▸ **YOUR TASK**:
Nothing but the lines from the one containing "Ryan Castro pubblica" through the last line of the material should appear in the answer, transcribed exactly, pictures excluded.

▸ **COLLECTED MATERIAL**:
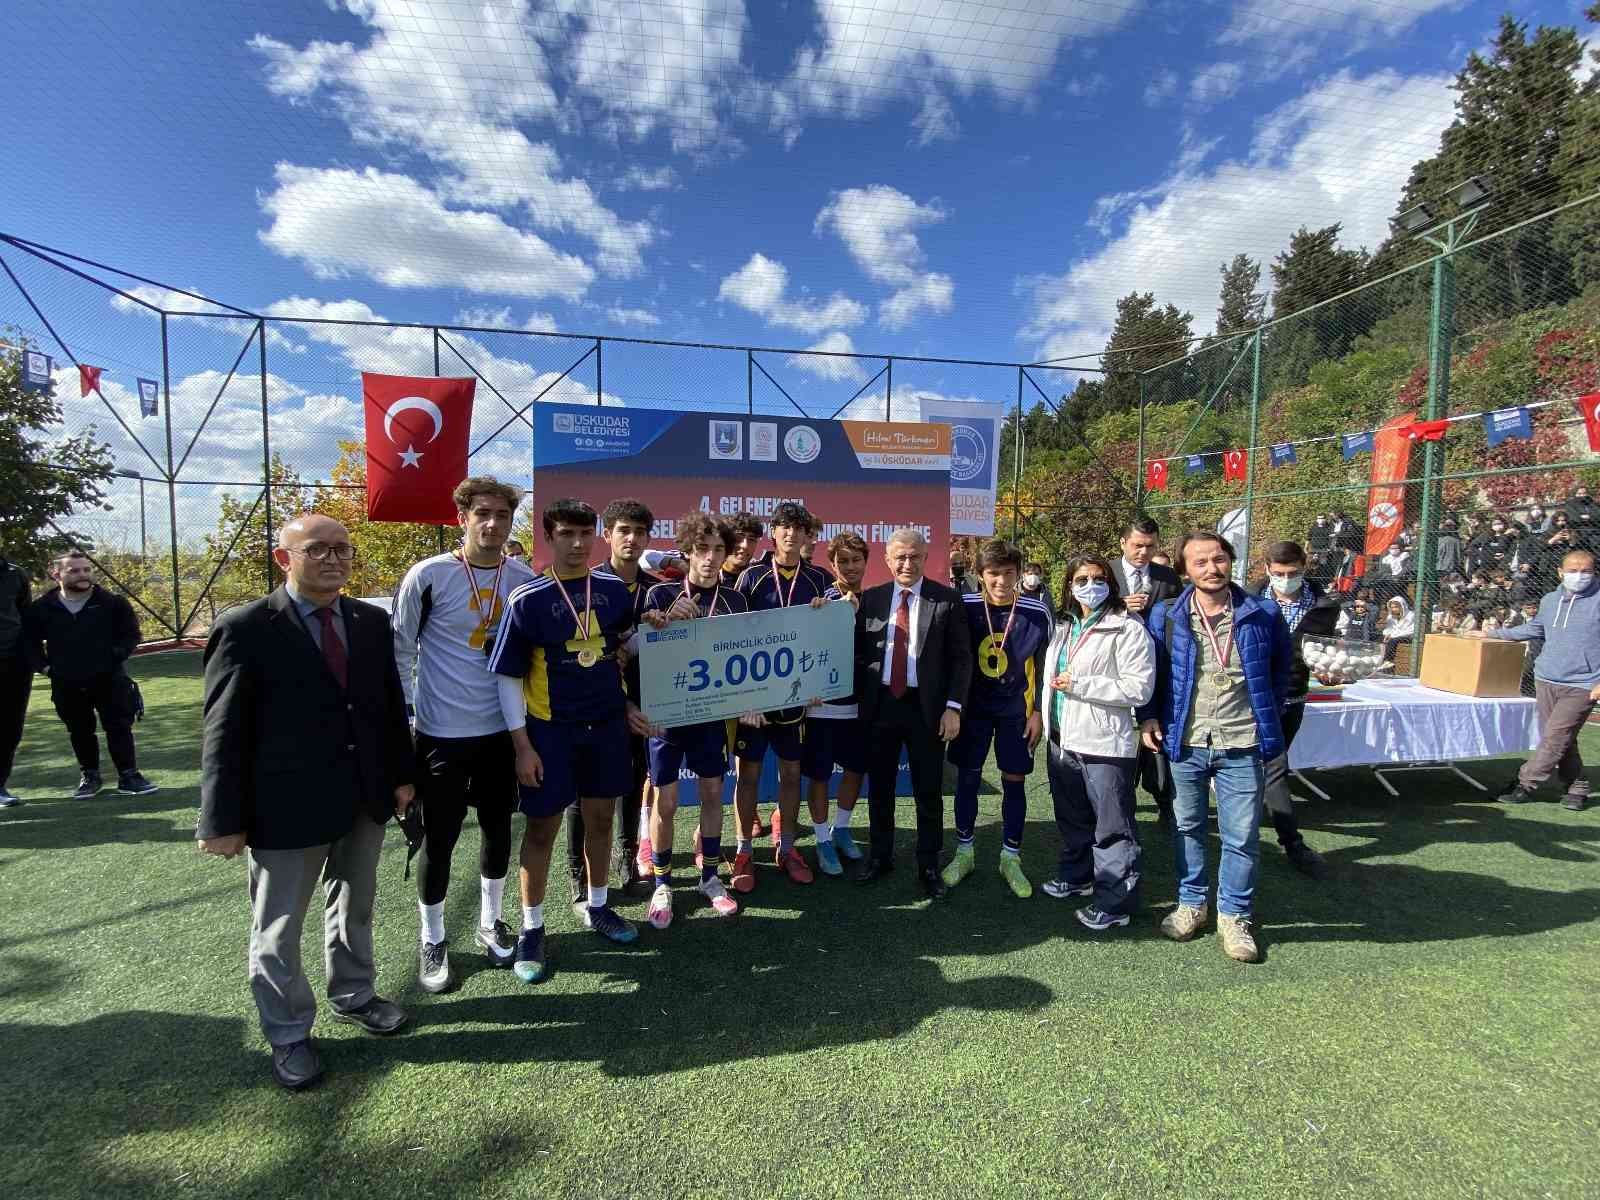 Üsküdar’da liseler arası turnuvanın şampiyonu belli oldu #istanbul
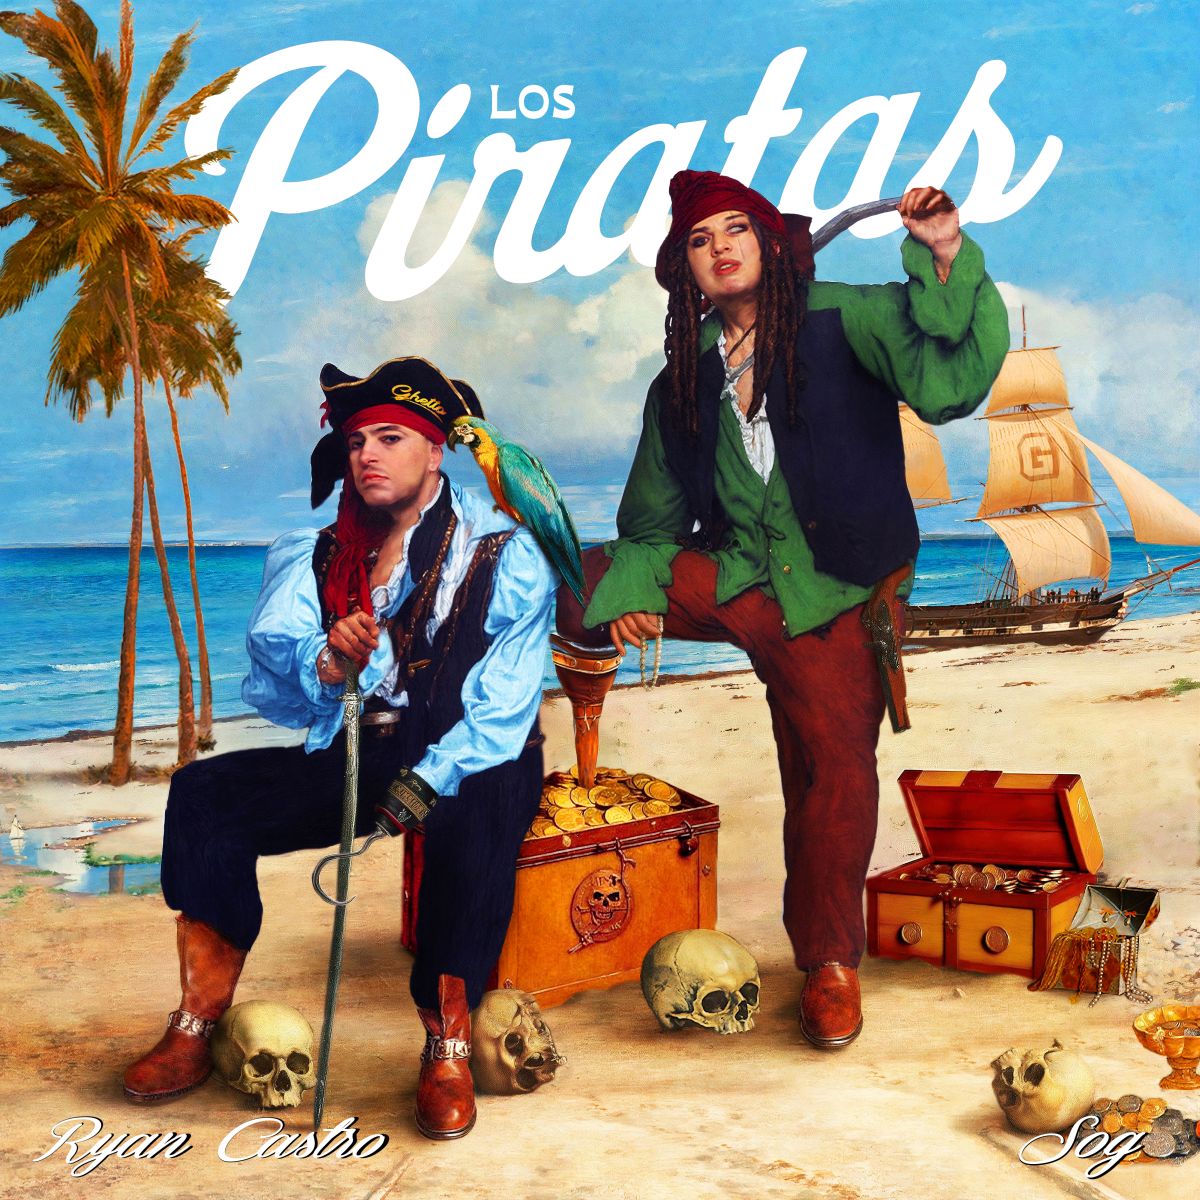 Ryan Castro pubblica a sorpresa un nuovo ep: Los Piratas
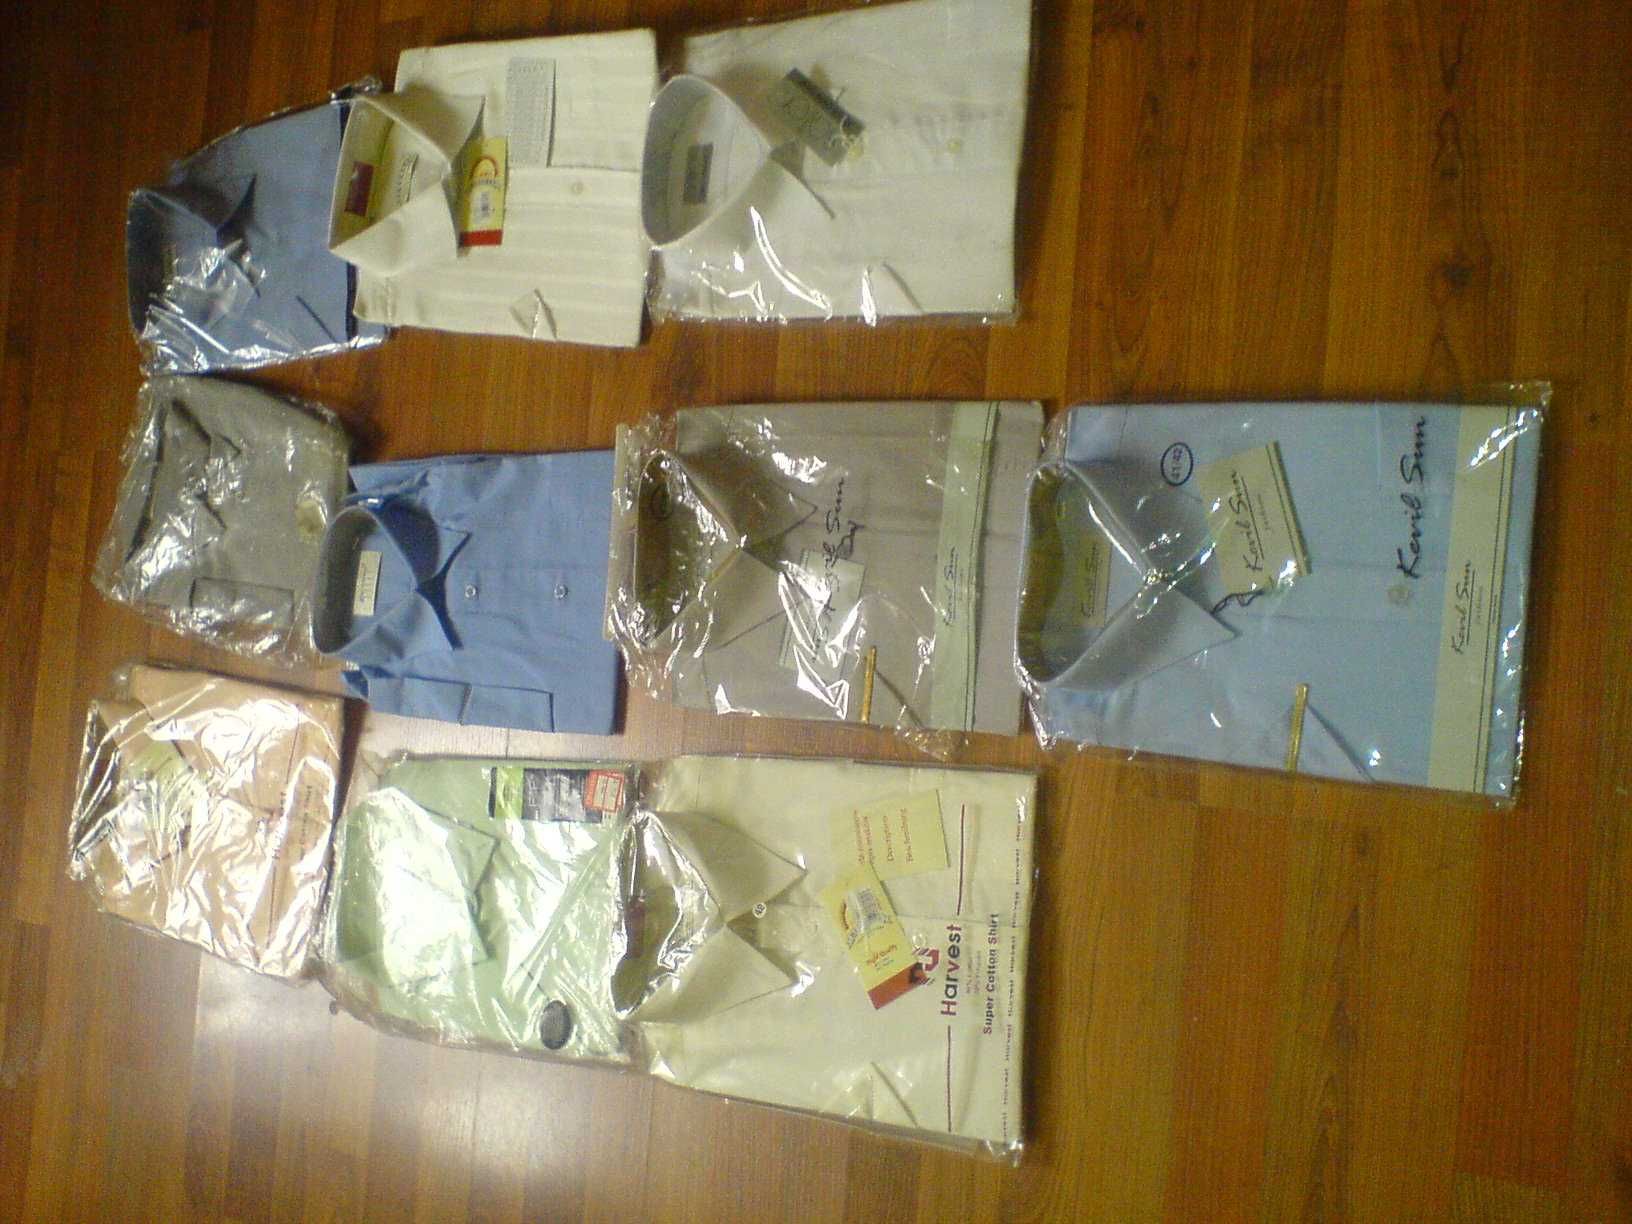 Koszula Męska Krótki Rękaw wzór/kolor, 176-188, 40-45, bawełna NOWE

▸ **RESPONSE**:
 Ryan Castro pubblica a sorpresa un nuovo ep: Los Piratas
 Koszula Męska Krótki Rękaw wzór/kolor, 176-188, 40-45, bawełna NOWE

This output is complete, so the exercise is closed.